La formule mixte en mutation


Édition du 24 Mai 2023

La formule mixte en mutation


Édition du 24 Mai 2023

Par Claudine Hébert

Scott Speirs, vice-président de l’agence immobilière CBRE (Photo: courtoisie)

IMMOBILIER COMMERCIAL. Depuis une dizaine d’années, la formule mixte, qui permet de jumeler locaux pour bureaux, commerces et logements, avait la cote auprès des nouveaux développeurs immobiliers commerciaux des grandes villes. C’était, bien sûr, avant la pandémie.

Deux facteurs ont considérablement ralenti, pour ne pas dire stopper, les ardeurs des promoteurs: les tours de bureaux qui se vident et le taux d’intérêt qui augmente. « À l’exception des projets déjà en cours, le centre-ville de Montréal ne devrait pas voir naître de nouveaux complexes mixtes d’ici les trois, et peut-être même les cinq prochaines années », prévient Jean Laurin, associé et président d’Avison Young au Québec.

Sauf peut-être dans les banlieues et en région, où la formule prend de plus en plus ses aises, notamment dans les secteurs qui bénéficient d’un bon service de transport en commun, observe Scott Speirs, vice-président de l’agence immobilière CBRE.

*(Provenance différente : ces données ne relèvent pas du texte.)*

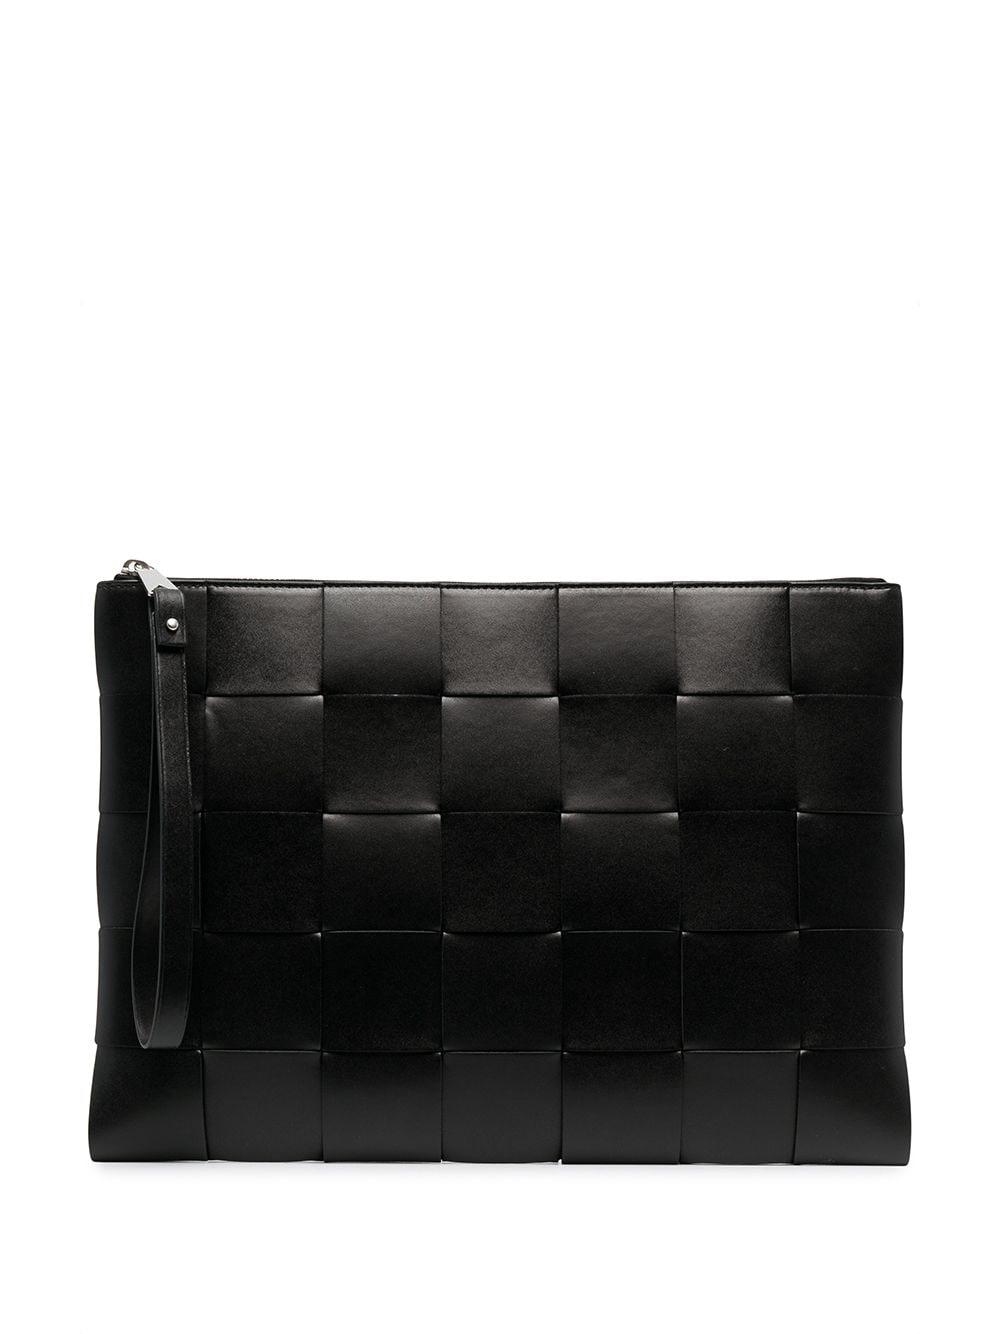 Picture of Bottega Veneta   Intrecciato Clutch Bag

Malgré les turbulences que s’apprête à vivre le marché immobilier commercial, des développements, tels Solar Uniquartier, à Brossard, et l’Espace Montmorency, à Laval, vont continuer d’intéresser les investisseurs, croit-il. Il estime également qu’en raison du prix des loyers résidentiels qui va continuer de grimper, les projets qui contiendront une forte proportion de logements locatifs auront sans doute plus d’attention que les autres.

 

Logements et centre commercial

Le projet de mixité de Trudel Corporation, qui a entamé un chantier résidentiel sur les terrains du centre commercial Fleur de Lys, situé sur le boulevard Wilfrid-Hamel, à Québec, en est un bel exemple. Évalué à 750 millions de dollars (M$), il prévoit la construction de 2000 logements locatifs d’ici sept ans. Un peu plus de 500 logements devraient être livrés pour le début de l’année 2025. Soulignons que plus du quart du complexe commercial a déjà changé de vocation depuis que les frères Trudel (Jonathan et William) en ont fait l’acquisition en 2018. L’ancien magasin Sears a, par exemple, fait place au campus de l’Université du Québec à Trois-Rivières, qui accueille des étudiants depuis septembre 2021.

Enfin, la direction du Groupe Jesta, qui achève ces jours-ci les colossaux travaux entourant la revitalisation du complexe de la gare Viger, dans le Vieux-Montréal, est d’avis que la formule mixte permettra aux gestionnaires de mieux passer au travers de la crise immobilière commerciale. « La formule sourira probablement davantage aux complexes immobiliers qui incluent un hôtel sur place », avance son directeur principal, Anthony O’Brien.

En plus d’offrir de l’hébergement et un service de restauration aux entreprises établies dans le quartier, l’hôtel Hyatt Centric Ville-Marie jumelé au complexe propose plus de 4500 pieds carrés de salles de réunion. « Ce qui permet aux entreprises du secteur d’avoir accès à des espaces de rencontre sans avoir à en payer le prix dans un loyer mensuel », explique-t-il. D’ailleurs, la clientèle d’affaires représente déjà 10 % des revenus de l’établissement de 177 chambres ouvert en décembre dernier.